* Exercise goal *
Keep the images out while you retype all of the data exactly.

* Recorded data *
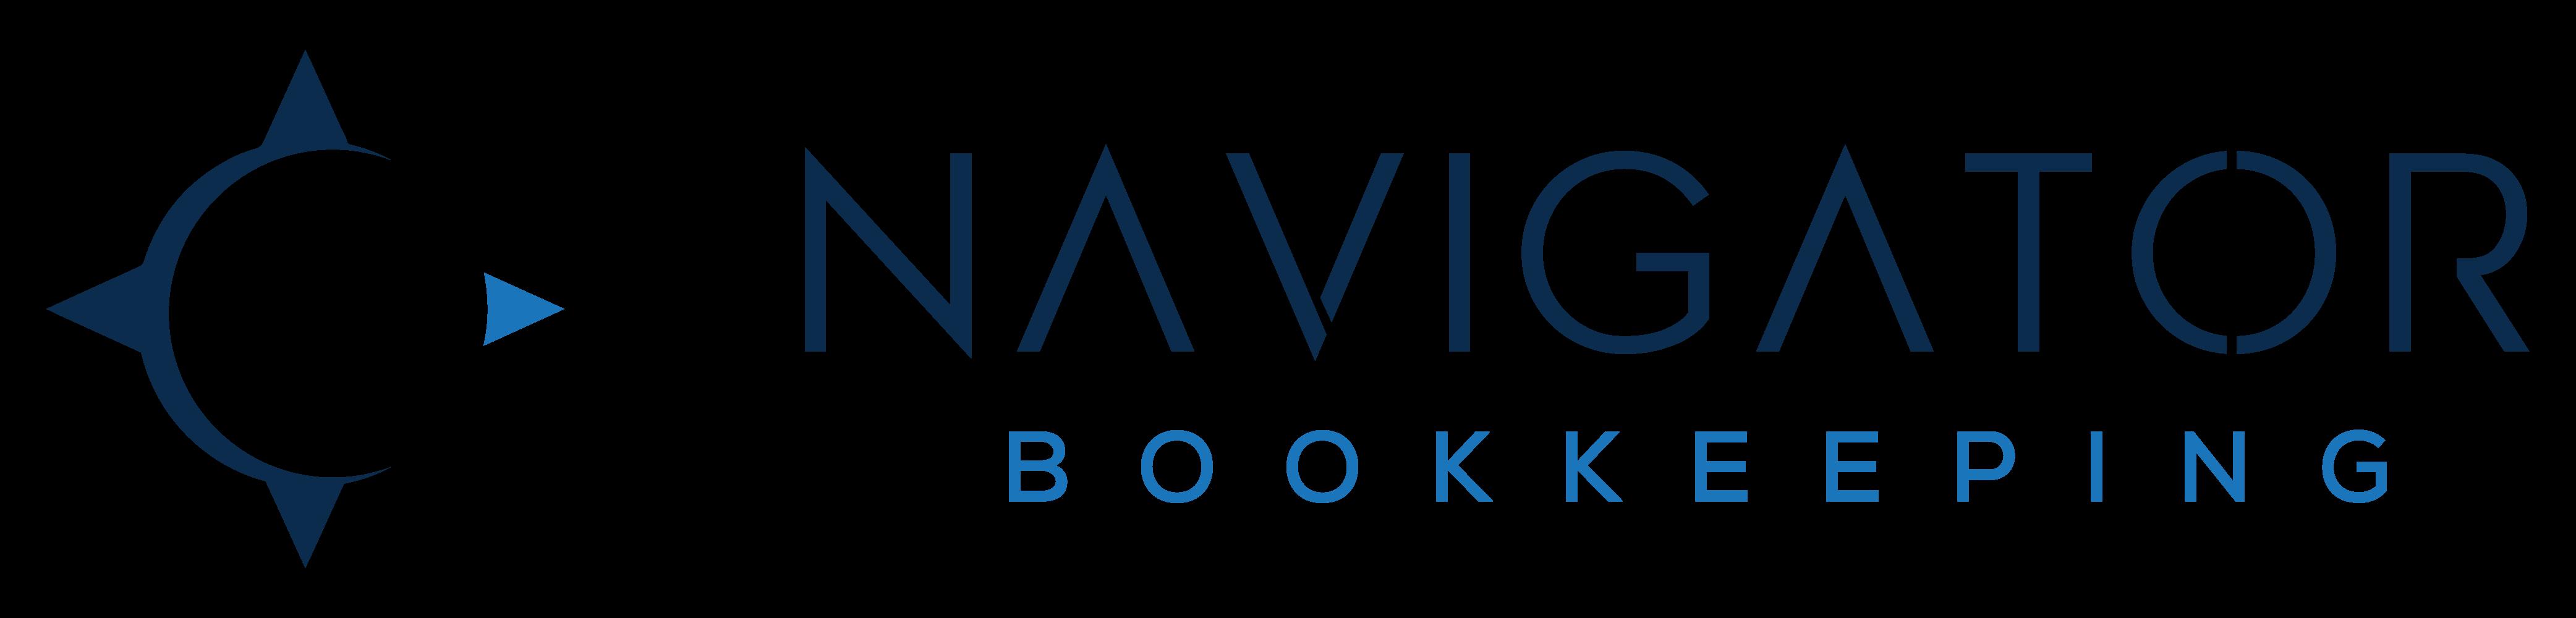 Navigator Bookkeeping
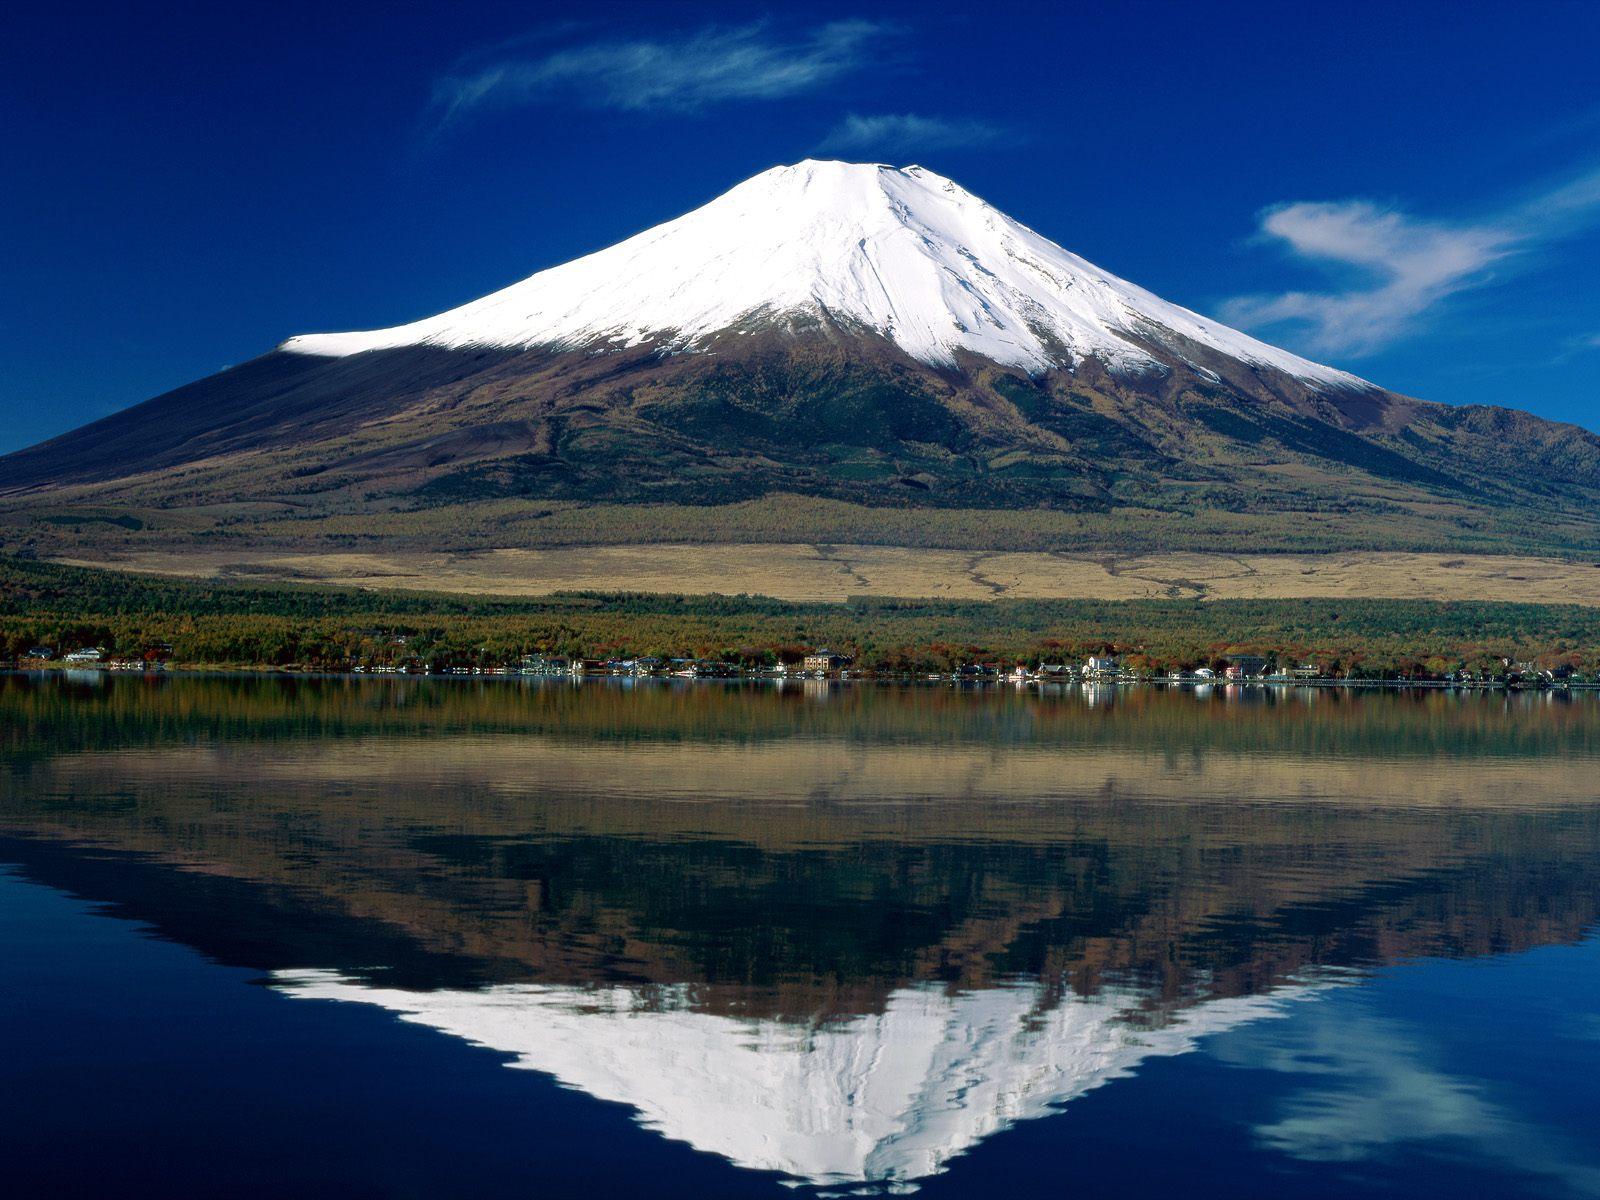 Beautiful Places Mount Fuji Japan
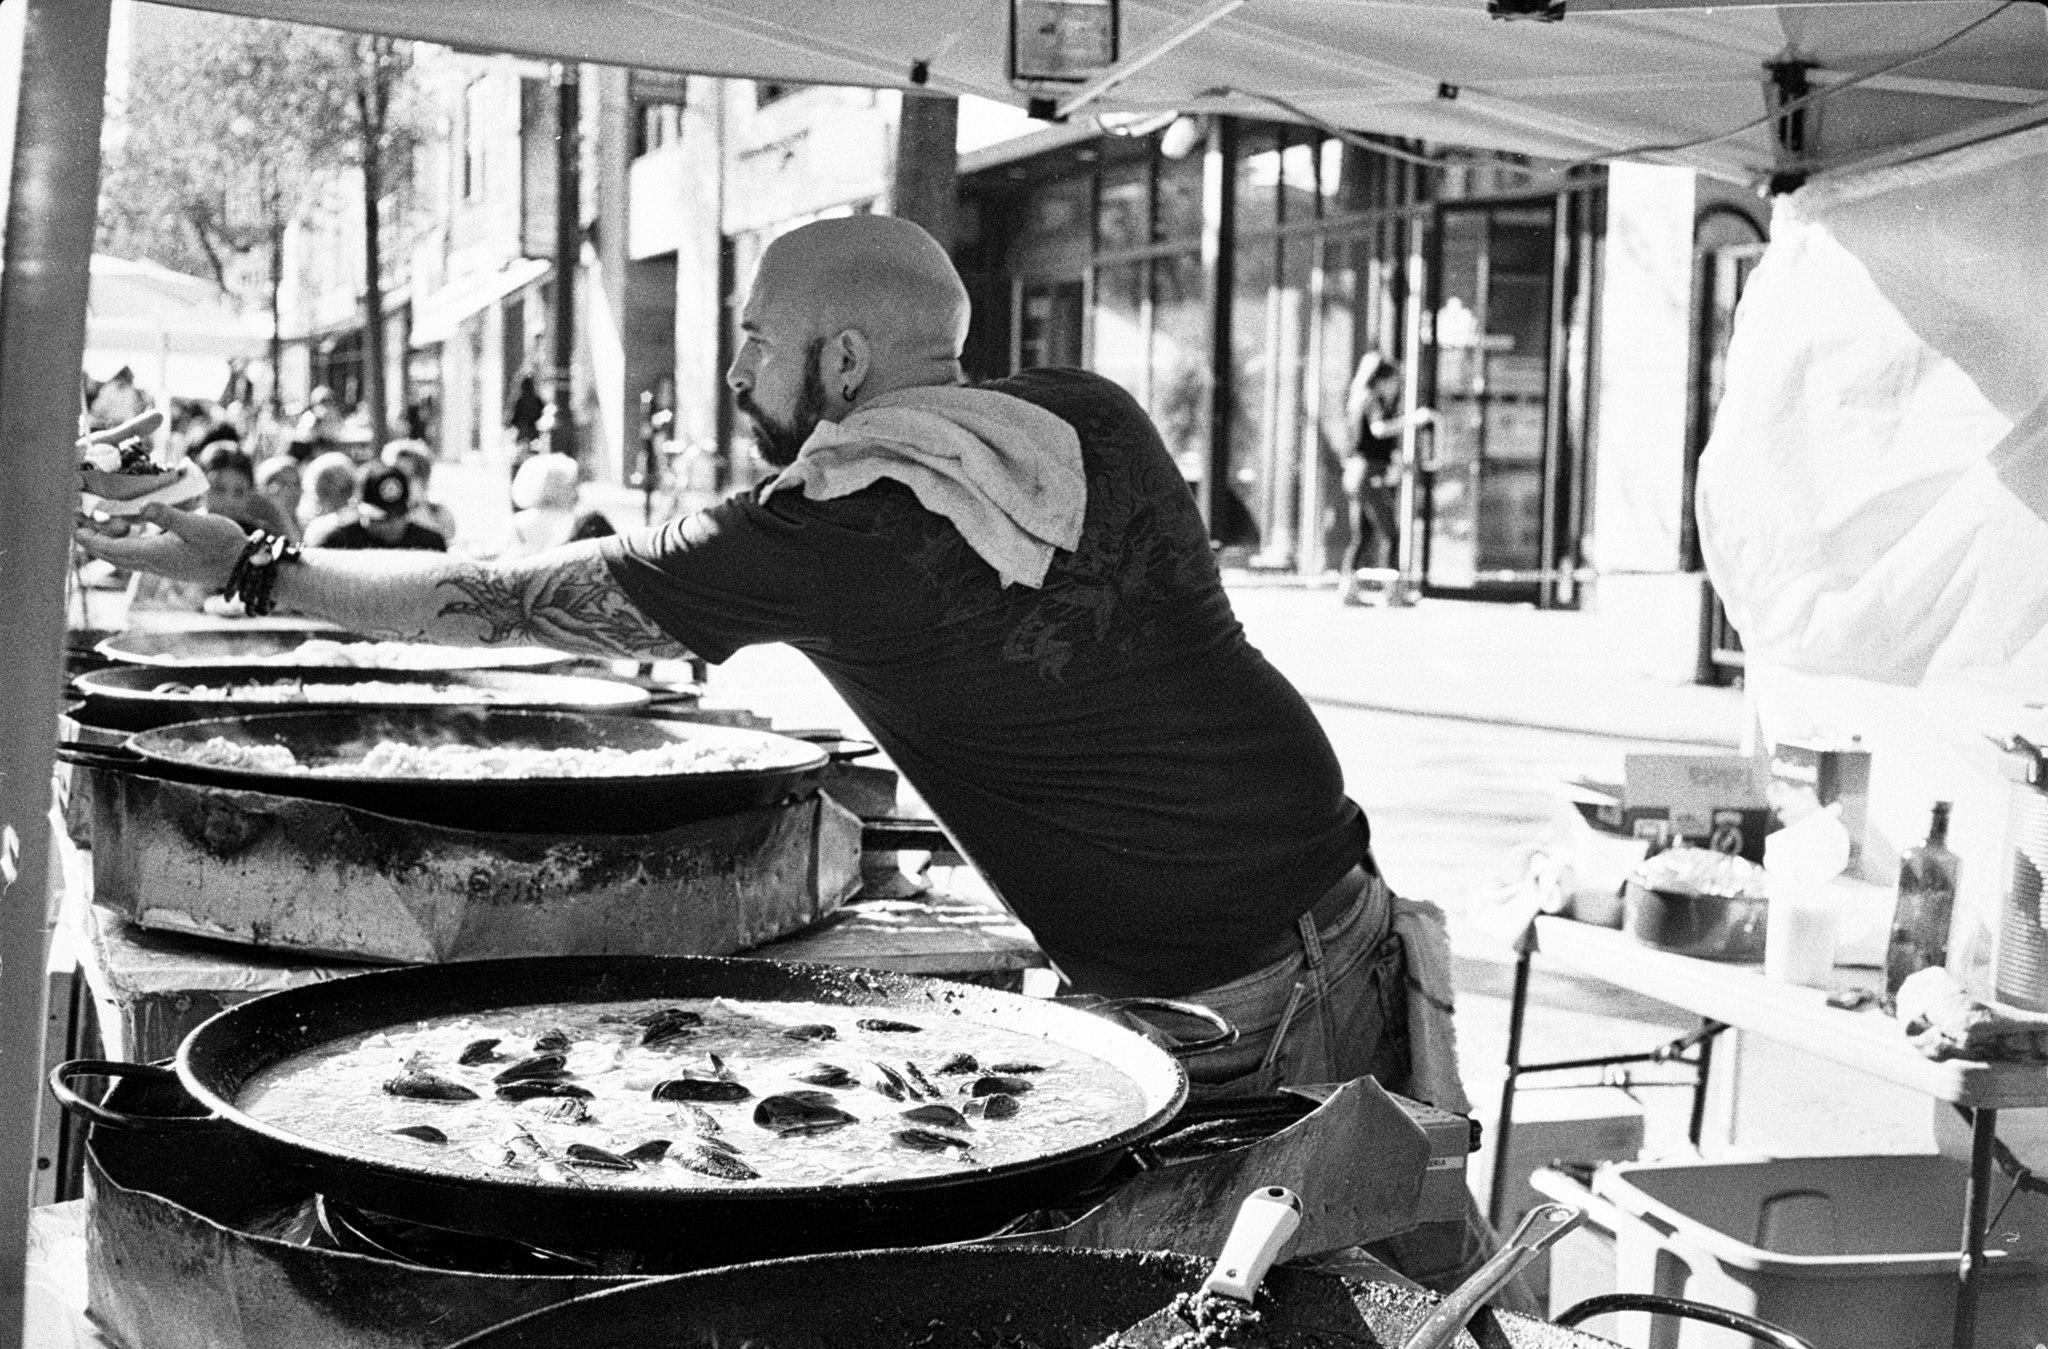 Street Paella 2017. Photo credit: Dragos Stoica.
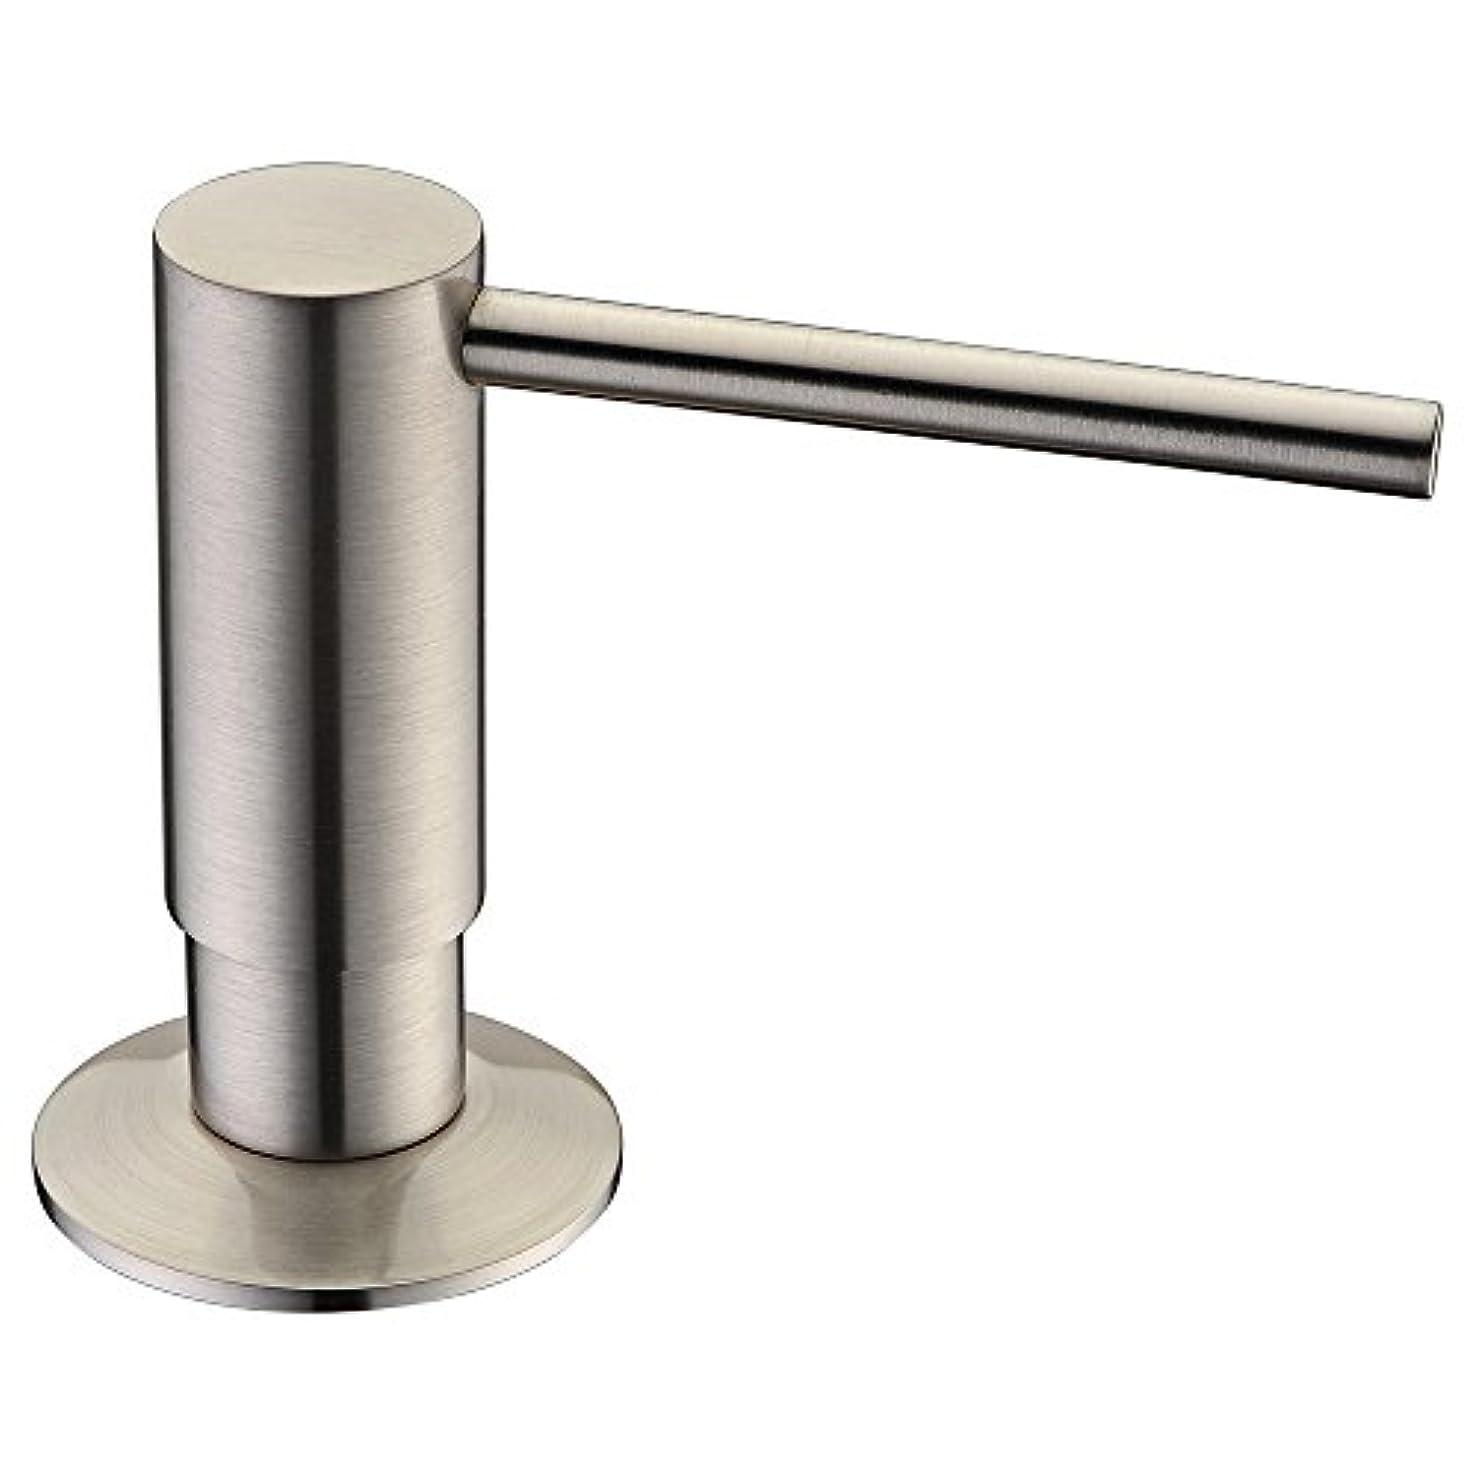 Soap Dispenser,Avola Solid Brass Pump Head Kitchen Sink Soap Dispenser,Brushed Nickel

* Exercise response *
 Navigator Bookkeeping
 Beautiful Places Mount Fuji Japan
 Street Paella 2017. Photo credit: Dragos Stoica.
 Soap Dispenser,Avola Solid Brass Pump Head Kitchen Sink Soap Dispenser,Brushed Nickel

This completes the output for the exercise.